----- Data -----
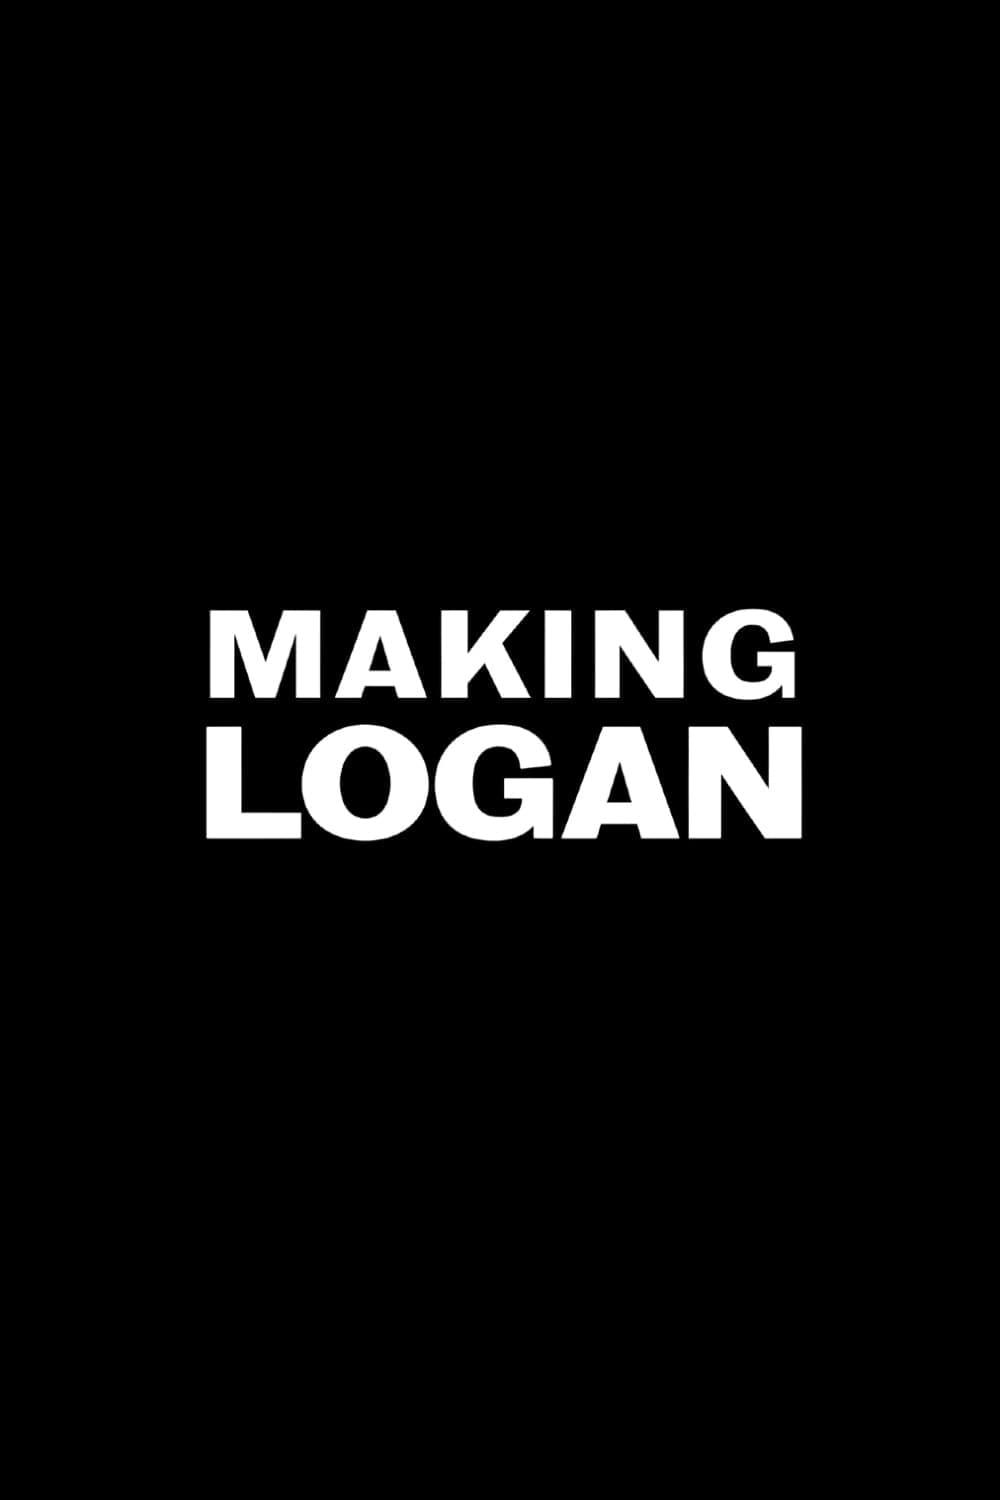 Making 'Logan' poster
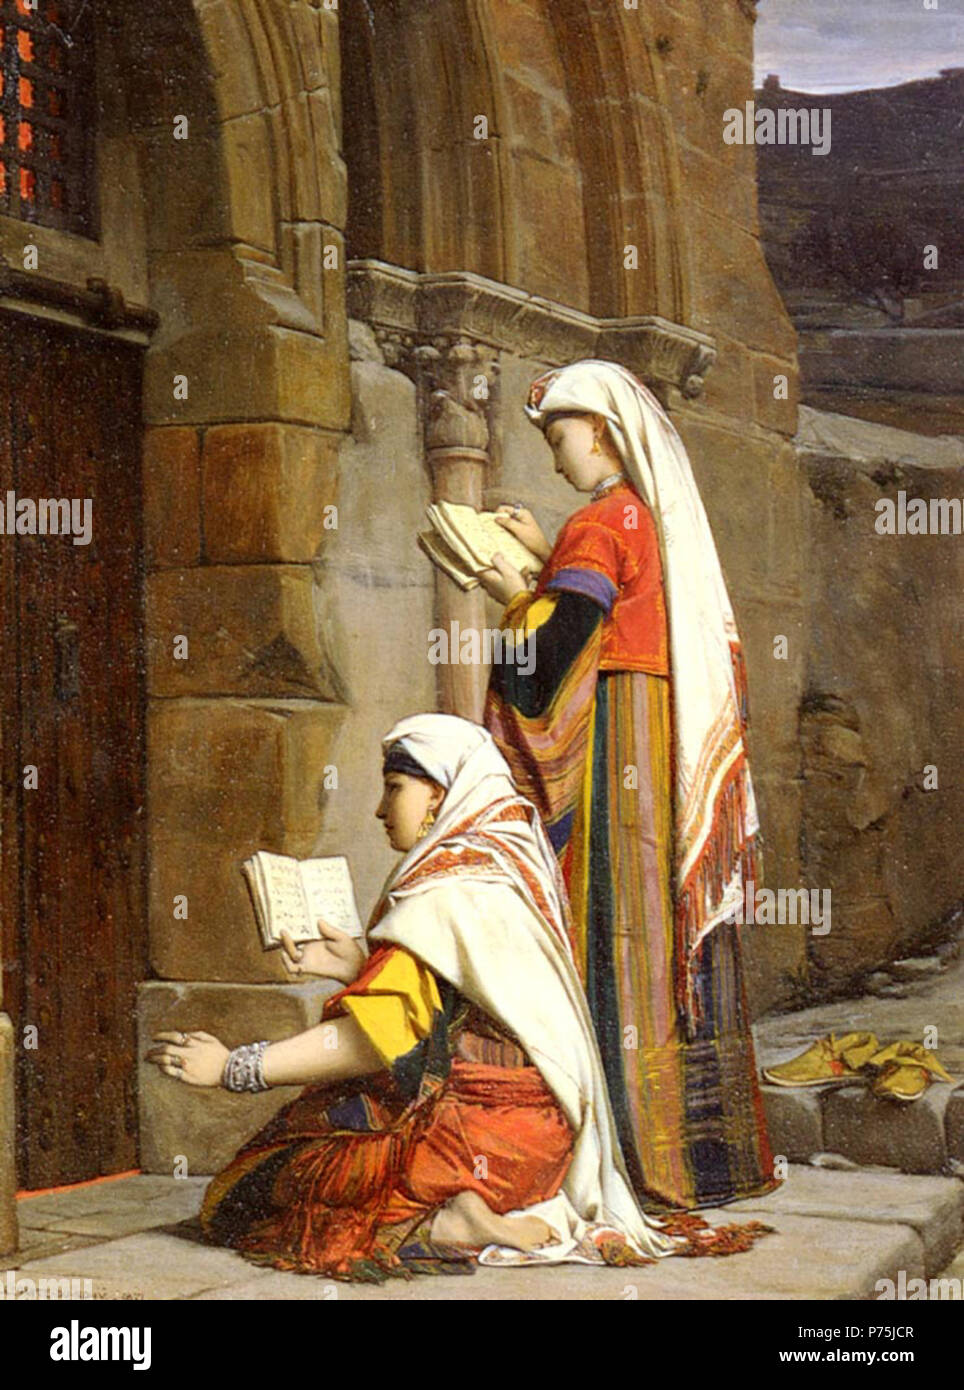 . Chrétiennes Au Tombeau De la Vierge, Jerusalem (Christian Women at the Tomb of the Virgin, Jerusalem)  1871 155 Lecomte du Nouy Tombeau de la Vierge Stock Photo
-----
----- Data -----
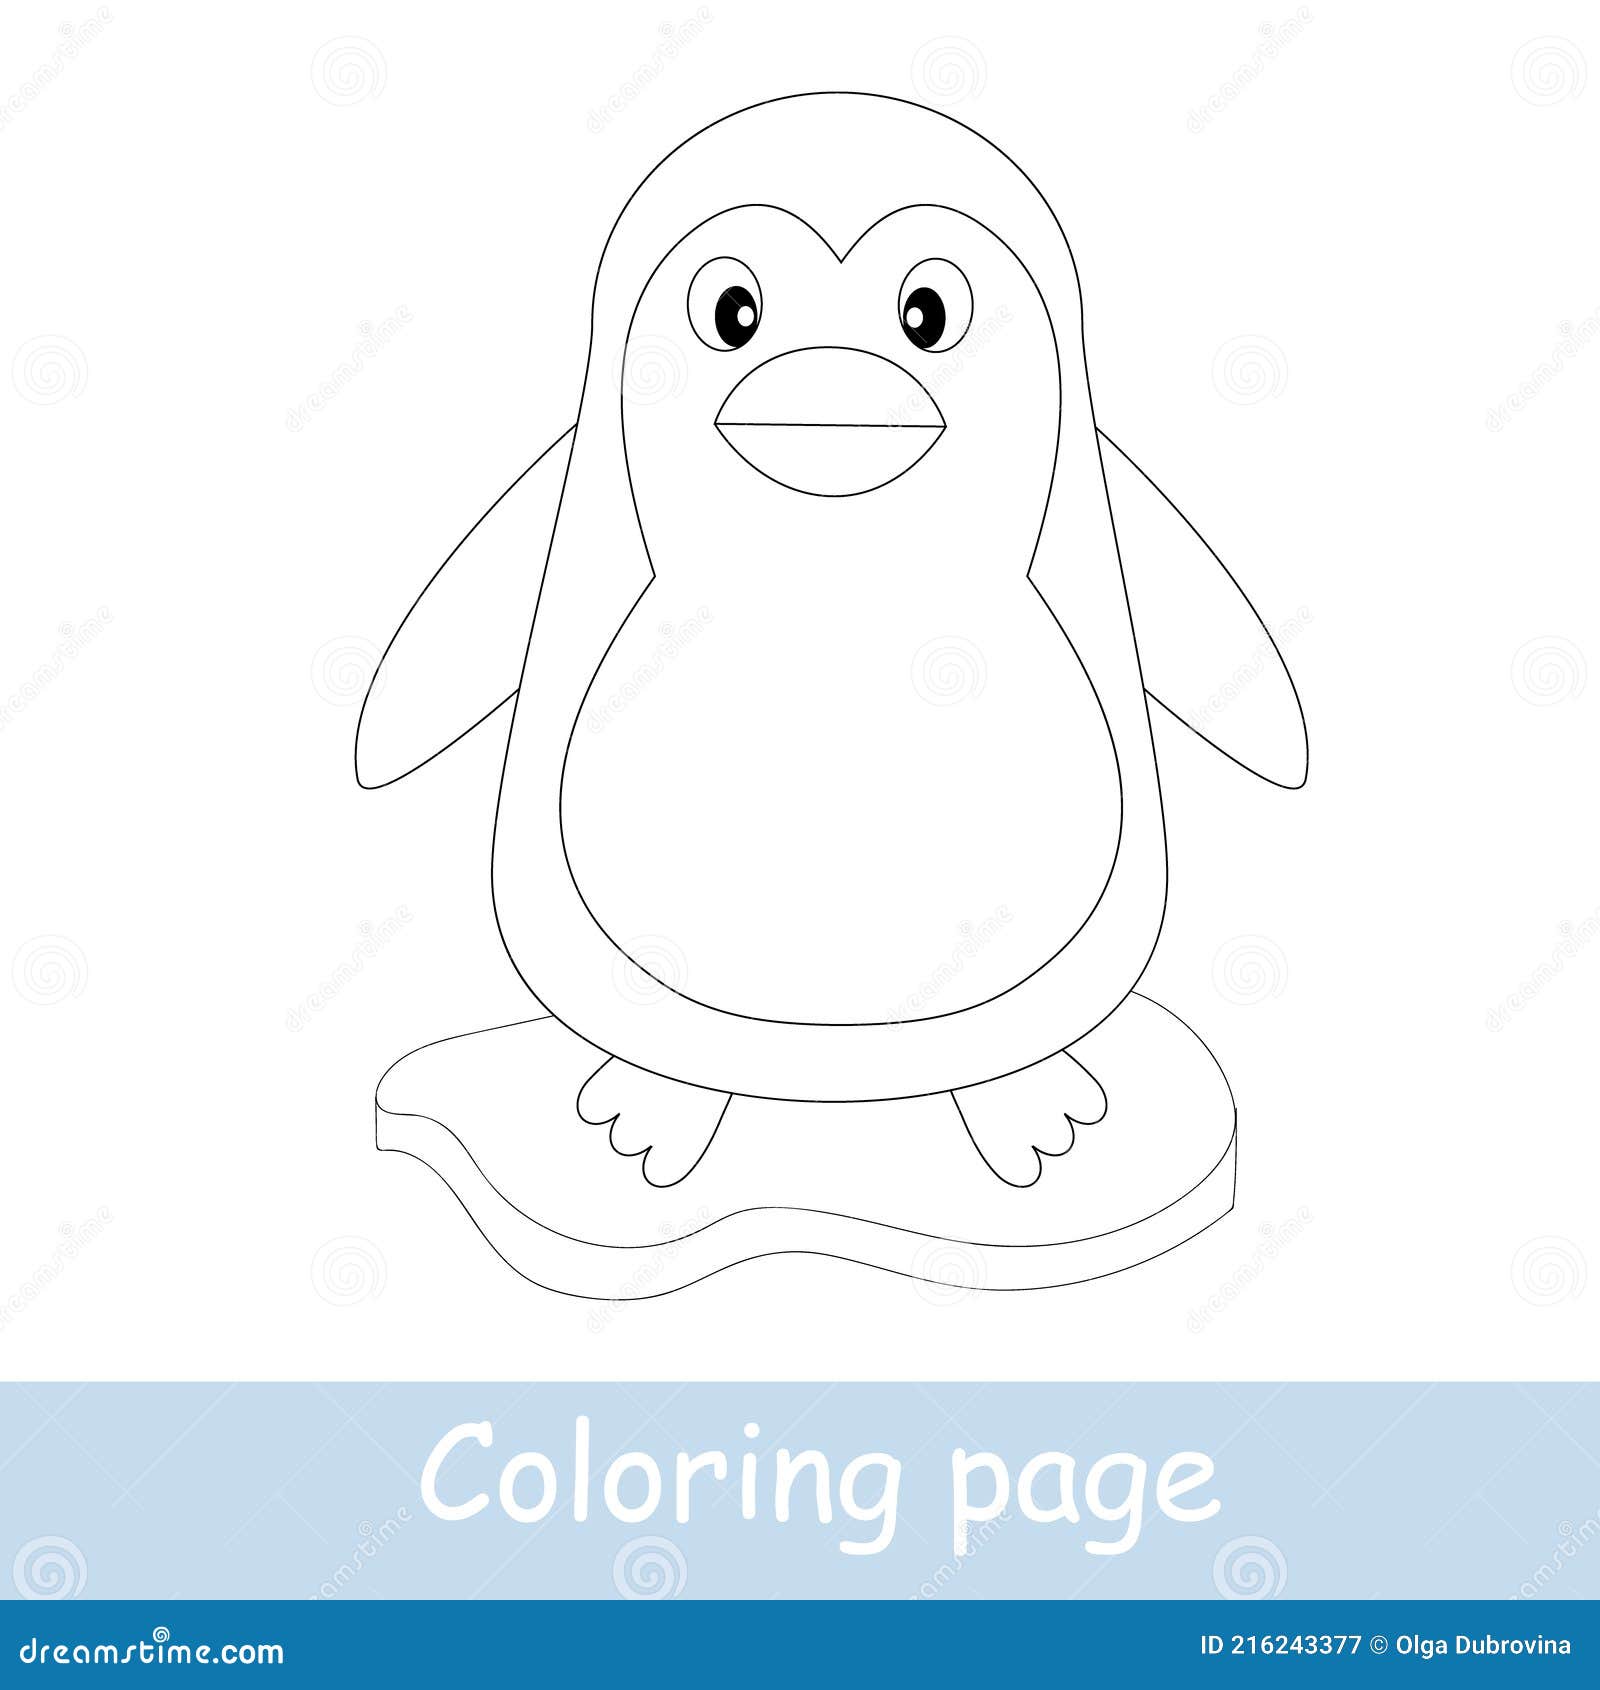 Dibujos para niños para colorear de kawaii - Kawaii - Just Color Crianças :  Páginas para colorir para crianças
-----
Assignment: Output only the lines above from the one containing "Making 'Logan' poster" to the one containing "Vierge Stock Photo", both included, exactly as written and with no pictures.

Task result:
 Making 'Logan' poster
 . Chrétiennes Au Tombeau De la Vierge, Jerusalem (Christian Women at the Tomb of the Virgin, Jerusalem)  1871 155 Lecomte du Nouy Tombeau de la Vierge Stock Photo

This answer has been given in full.